The most likely ways that your medical information is likely to leak is via a laptop or mobile media (e.g., backup tape or portable hard drive or usb drive.) While only 16% of breaches involved mobile media, they accounted for 51% of the total records breached. About a quarter of the breaches involved laptop computers — usually stolen — accounting for 12% of the breached records.
The truly depressing thing about these statistics is that they reflect either carelessly or simply a lack of priority for keeping your medical information confidential. Consider that under the rules if a laptop’s hard drive or mobile media were encrypted, none of these would be considered a data breach. Laptop and mobile media encryption are readily available, and in many cases it just requires checking a box in a backup program or implementing free or low cost encryption one time on a laptop — this can be done before it’s even given to the computer user.
At the beginning of this month the Los Angeles Times published a story about a husband and wife who expanded their paper medical records labeling business to storing electronic records for Kaiser Permanente in California. About 300,000 hospital records ended up being stored on a hard drive sitting in the Dean’s home. In another incident involving the Deans, the Times reports:
The California Department of Public Health has already determined that Kaiser “failed to safeguard all patients’ medical records” at one Southern California hospital by giving files to Stephan and Liza Dean for about seven months without a contract. The couple’s document storage firm kept those patient records at a warehouse in Indio that they shared with another man’s party rental business and his Ford Mustang until 2010.
The story is worth noting not only because of its amazing details, but also because it shows that lax practices relating to health record security exist in the largest of health care institutions, too.
As far as 2013 is concerned, technology trends bode for things getting worse before they get better. The dramatic increase in mobile devices, especially tablets like the iPad, is creating demand to access your health records from consumer-oriented devices designed with much less emphasis on security than traditional laptops. The other big trend in mobile devices is BYOD — bring your own device — where individual clinicians and employees use their own devices rather than tablets or phones purchased and managed by the medical practice itself.
While many focus on the traditional idea of confidentiality with respect to health records, there are also other elements to be considered. In addition to confidential health information, health records include a variety of information — birth date, social security number, even credit card information — that make them a prime target for identity theft. This, along with potential for financial insurance fraud, easily creates a profit motive for stealing health record information.
Never less, the HITRUST report reinforces that lax practices are more likely than nefarious criminals to breach your information. Fully 50% of the reported breaches were accidental, only 13% were labeled intentional. Only 6% of breaches were due to hacking. Theft accounts for a lot of breaches, but my guess is that given the large numbers of laptops and mobile data storage devices involved, the majority of those likely were thieves after shiny new laptops and not health records per se (another reason why readily available encryption is so important.)

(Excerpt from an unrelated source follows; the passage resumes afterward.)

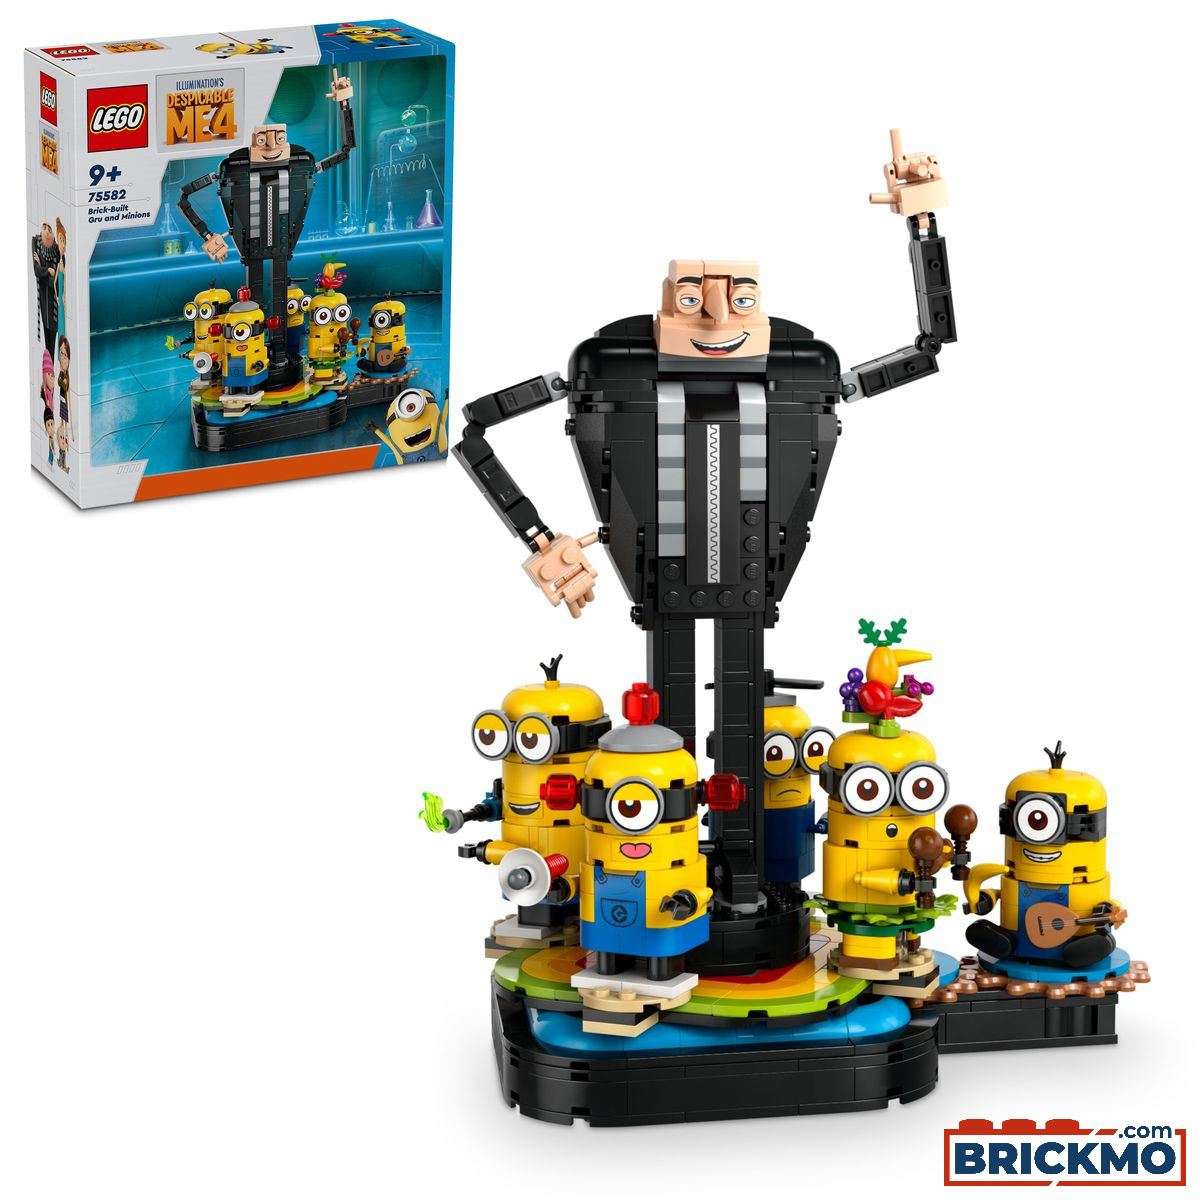 LEGO Minions 75582 Brick-Built Gru and Minions 75582

The federal government is aware of these trends and is beginning to ramp up its efforts a bit. On January 2, 2013 they announced a $50,000 fine for a north Idaho hospice, the first ever for a data breach involving fewer than the 500 record threshold included in HITECH. The Office of Civil Rights (OCR), charged with enforcement of HIPAA, has said recently that there will be more fines and audits in the future.
Still, there is a long way to go. The Washington Post, also published in December a year long investigative report with the headline, “Health-Care Sector Vulnerable to Hackers, Researchers Say.” The article exposed problems with health records software, lax security practices, vulnerable devices, and regulators unable to keep up with it all. There’s a lot of disturbing detail in the article, but it’s summed up pretty well here:
“I have never seen an industry with more gaping security holes,” said Avi Rubin, a computer scientist and technical director of the Information Security Institute at Johns Hopkins University. “If our financial industry regarded security the way the health-care sector does, I would stuff my cash in a mattress under my bed.”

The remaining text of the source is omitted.